Una de las
pocas ventajas que trajo el coronavirusfue la de alejar los ruidos de nuestras
vidas. Más de uno empezó a oír asustado ruiditos sincronizados que resultaron
ser el gorjeo de los pájaros. Algo similar ocurrió en Nueva York hace unos años
cuando hubo un gran apagón. Muchos neoyorquinos llamaron avisando que veían una
suerte de capa blanca en el cielo que resultó ser la vía láctea.
Pues bien,
cuando ya nos habíamos acostumbrado a oír el canto de los pájaros, volvieron a
bramar en las calles el ruido de los coches. Cierto. Este ruido resulta más
placentero que el de las sirenas de ambulancias que oíamos hace unas semanas y
que interrumpían nuestra tranquilidad para recordarnos el precio que estábamos pagando
por estar en casa. No es que hiciera falta, ya que en los medios de
comunicación prácticamente no se puede ver nada que no esté relacionado con el
coronavirus, pero ese lamento ambulante era el único ruido que oíamos hasta las
8 de la noche; hora de los aplausos.
Al ruido de
los automóviles se ha sumado ahora el de los caceroleroleros a las nueve de la
noche. Que conste que me parece muy bien que cada quien exprese su opinión,
pero ¿es realmente necesario hacerlo durante media hora para concluir con el
libre de Nino Bravo a todo trapo? Quiero decir, los aplausos a los sanitarios
duran a lo sumo 10 minutos y no se usan herramientas artificiales para aumentar
el ruido del agradecimiento. Eso cuando no ponen en youtube el ruido de las
cacerolas y lo reproducen mediante amplificadores. De ahí que en uno de los
paseos que hacemos Vicky y yo oíamos el ruido pero no veíamos a nadie. Lo único
que puedo hacer para mitigar el ruido, en esos casos, es acercarme a la ventana
y cerrarla. Mi vecino, cacerola en mano, ve mi proceder y continúa su protesta.

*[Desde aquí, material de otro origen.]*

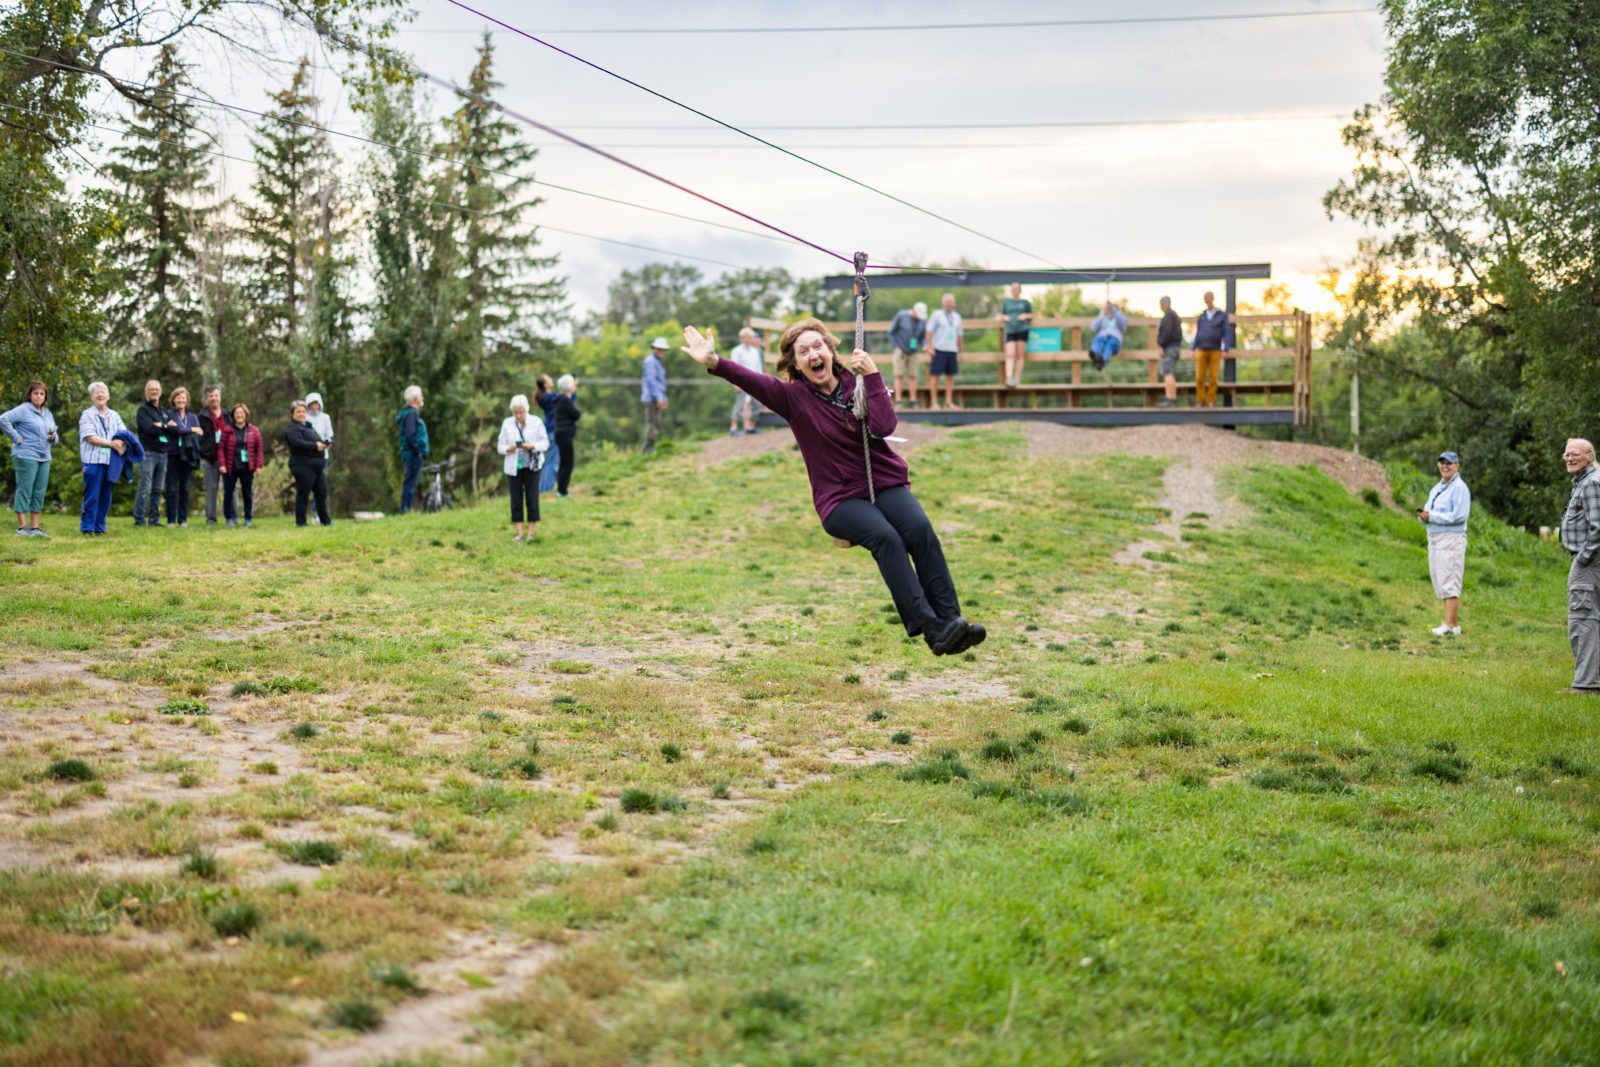 A women smiles at the camera while riding the zipline

Ni él ni yo intercambiamos palabra o signo agraviante alguno. Todo un ejemplo compartido de tolerancia si
tomamos en cuenta lo caliente que ha quedado la calle como diría Ruben Blades
en una de sus canciones. Es más, le agradezco que no salga irresponsablemente a
la calle a mezclarse con desconocidos que le pudieran contagiar y causar un
rebrote. Sin embargo, el peor ruido de
todos, el que ya tenía borrado de mi mente no es el de los coches o el de los transeúntes
platicando. Ni siquiera los caceroleros que, afín de cuentas terminan a las 9 y
media. A pesar de todo lo anterior sigo pudiendo oír ocasionalmente a los pájaros.
A lo que sí ya no estaba acostumbrado es a las obras. Y esas sí que me afectan en lo más íntimo, ya que después de comer me
gusta echarme una siestita de media hora antes de retornar a mis labores. Pero
con esos martilleos y taladros resulta en una gesta que ni el mismísimo Hércules
superaría. Así no hay quien duerma, ¡CARAJO!